R.K. INDUSTRIES AND ORS. Vs. COMMISSIONER OF CUSTOMS, JAMNAGAR
LAWS(CE)-2015-2-30
CUSTOMS EXCISE AND GOLD(CONTROL) APPELLATE TRIBUNAL
Decided on February 02,2015

R.K. Industries And Ors. Appellant
VERSUS
Commissioner Of Customs, Jamnagar Respondents

JUDGEMENT

P.K. Das, Member (J) - (1.)APPLICANTS filed these applications for early hearing of the appeals. After hearing at length, we find that appeals may be disposed of at this stage.
(2.)COMMON issue is involved in these appeals and therefore, all are taken up together for disposal. The appellants filed these appeals for setting aside the redemption fine and penalties.
After hearing both sides and on perusal of the records, we find that the appellants imported vessels for breaking purpose. They filed bills of entry of clearance of vessels classifiable under CTH 8908. They classified remnant Bunkers and provisions/stores lying on the vessels under respective tariff heading. There is no dispute that the Marine Gas Oil (MGO) and High Speed Diesel (HSD) were cleared on payment of duty. Adjudicating authority confiscated the goods for violation of the ITC policy and also imposed redemption fine and penalty on the ground that the import of HSD and LDO is not free and subject to import policy conditions.

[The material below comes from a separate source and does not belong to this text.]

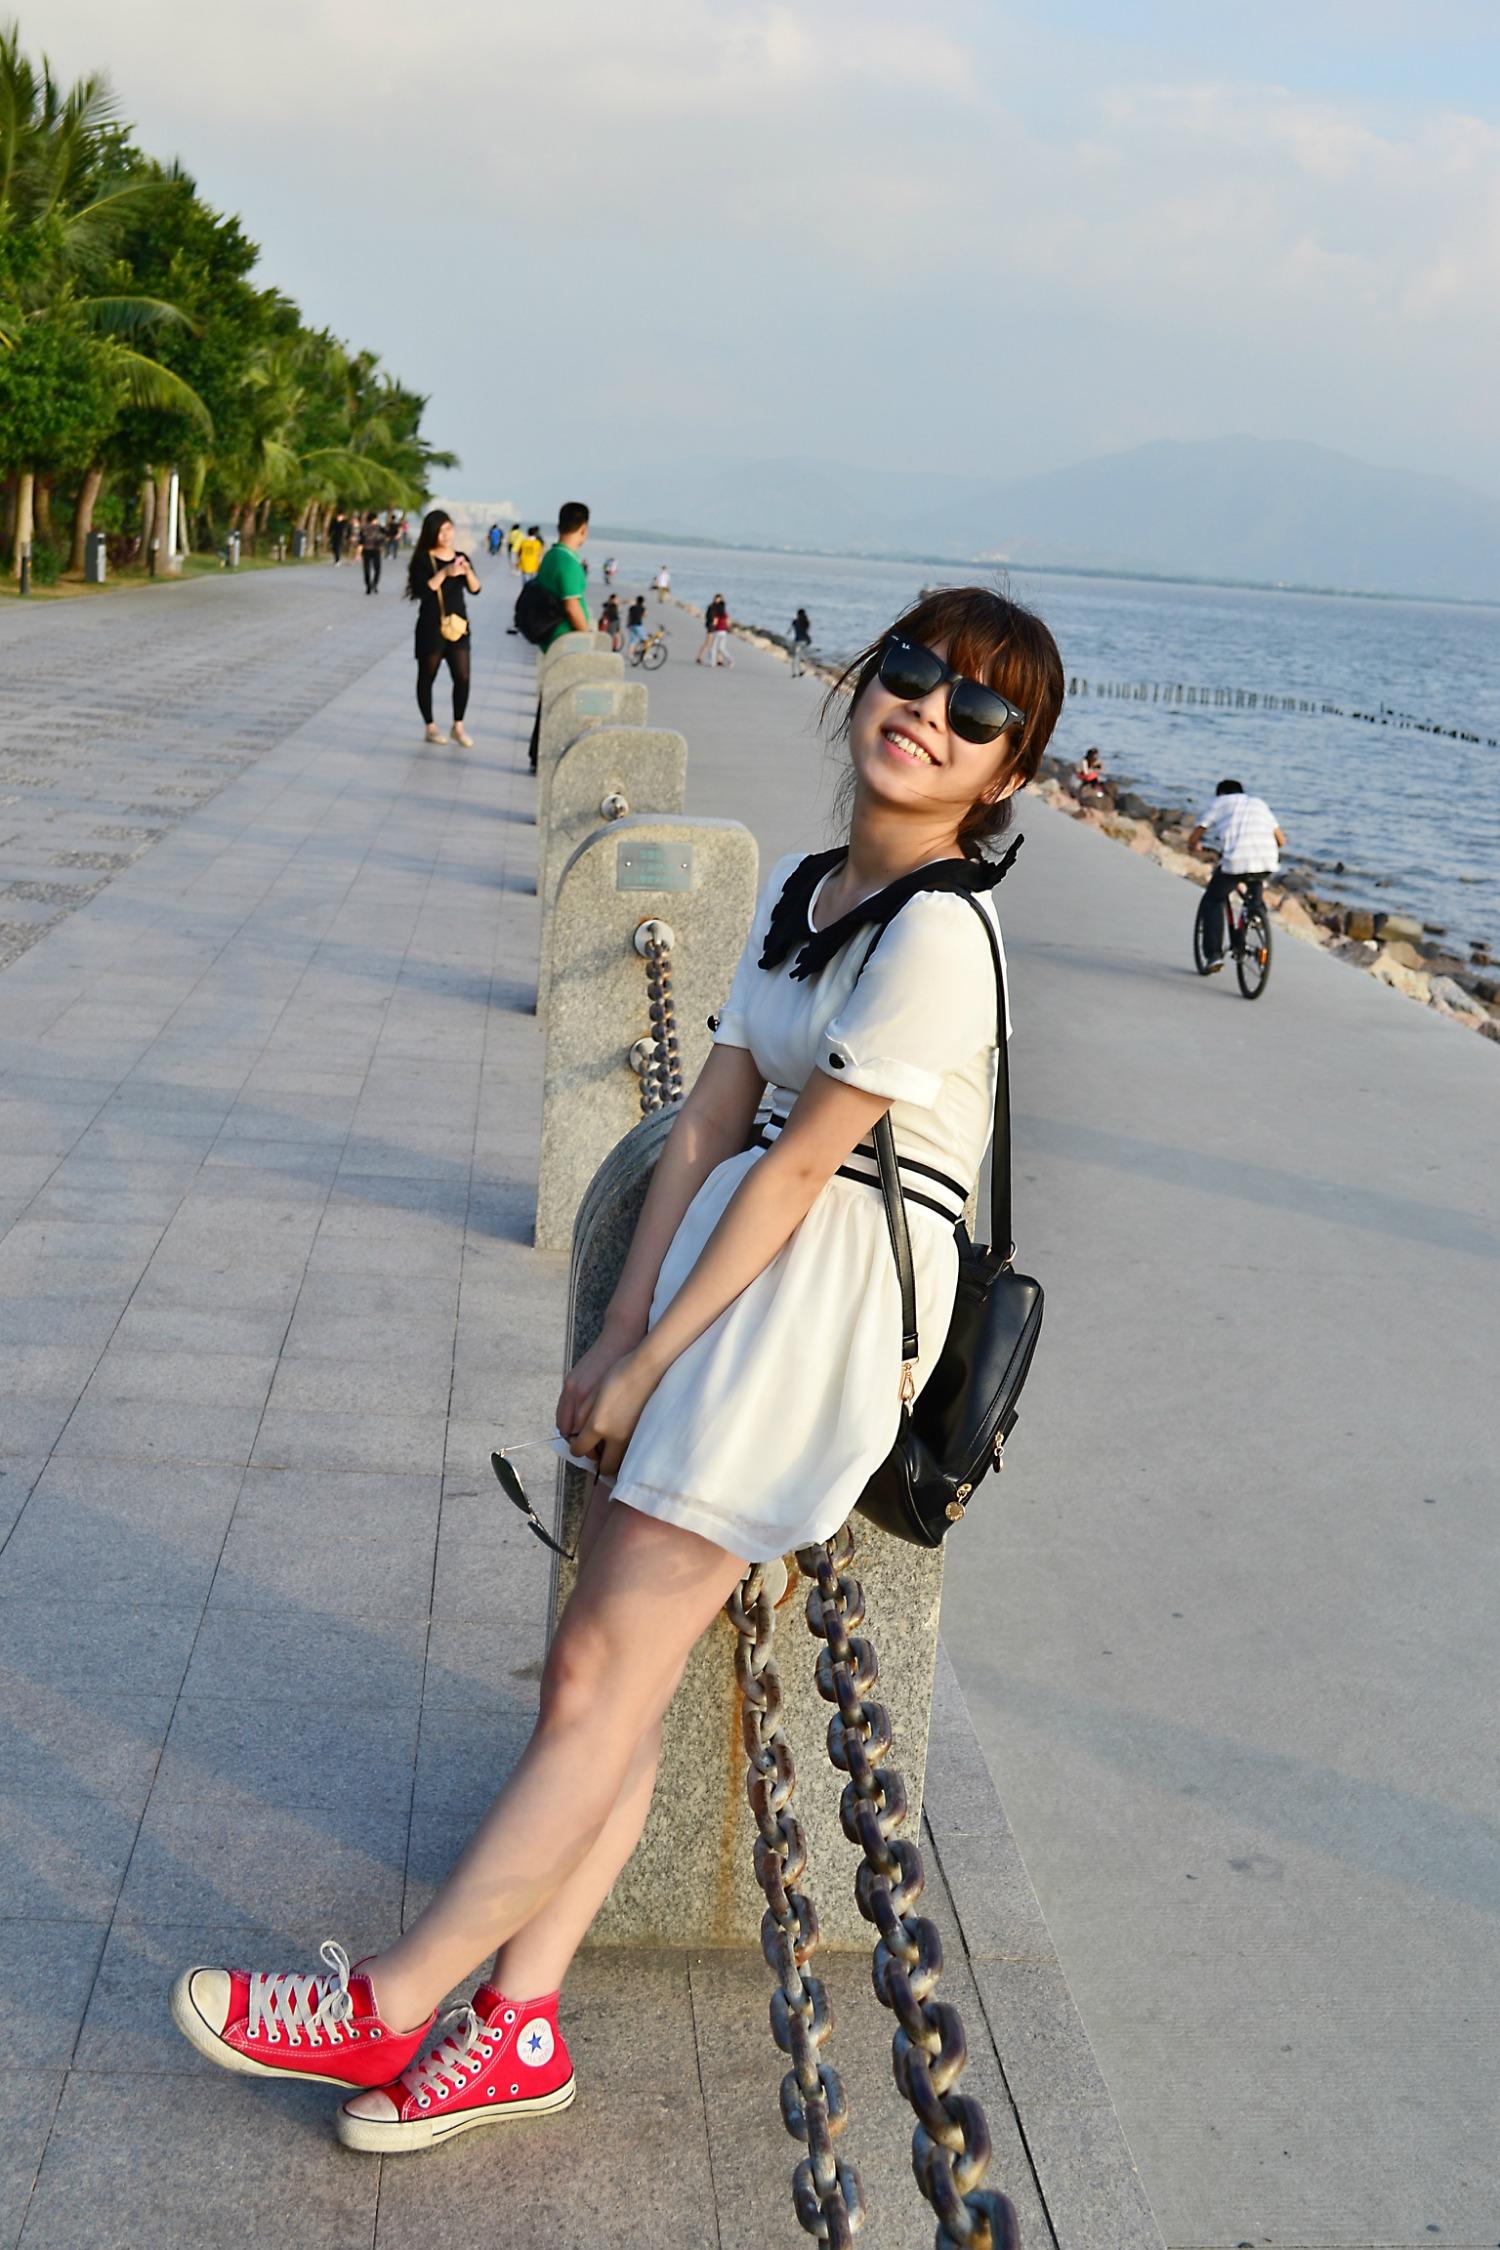 11月20日海雅百货-深圳湾-红树林徒步

(3.)WE find that the Tribunal, on the identical issue, set -aside the redemption fine and penalty in the case of A.G. Enterprises and Others vs. Commissioner of Customs (Prev.) Jamnagar, vide final order No. A/11210 -11318 of 2014 dated 08.7.2014. The relevant portion of the said decision is reproduced as under: -
4.2 As per the above provisions of Foreign Trade Policy any doubt regarding classification of any item in ITC (HS) or HPBv1 or HBPv2 or schedule of DEPB Rates should be referred to DGFT whose decision shall be final and binding. As per the clarification/opinion of Joint Director General of Foreign Trade New Delhi, surplus fuel stored in fuel tanks of vessels/ship brought for breaking up is classifiable under 89.08 along with the main vessel. In this regard, Para 18 & 19 of case law Cine Land Vs. CC Chennai (supra), relied upon by the appellants, following has been held by CESTAT Chennai: -

"18. We find that the appellants had applied to the? DGFT, New Delhi for a Merely because the reply was signed by the JDGFT, its validity cannot be discarded. The JDGFT is a Senior Officer in the office of the DGFT. The reply is from the DGFT as per the letter -head. Therefore, obviously the JDGFT has issued it acting in the office of DGFT as per their internal procedures. There are thousands of importers and exporters who apply for such clarifications to the DGFT. It sounds to reason that it would be physically impossible for one DGFT to personally sign replies to these apart from his numerous other responsibilities. Secondly, here there is no certification required of a named authority in the body of a fiscal notification concerning exemption from Customs duty. Such a clarification required from only a named authority is a different requirement than the issue of a clarification on import policy. Therefore, we cannot agree with ld. DR that the clarificatory letter needs to be rechecked by a reference to the DGFT on whether it reflects the opinion of DGFT as it is signed by JDGFT.

19. We also find that it is now a well settled law? that clarifications on Import Policy issued by office of DGFT is binding on Customs as far as ITC Policy is concerned in view of the decisions cited by ld. Senior Advocate supra clarification on these items' classification under ITC (HS) and the ITC Policy."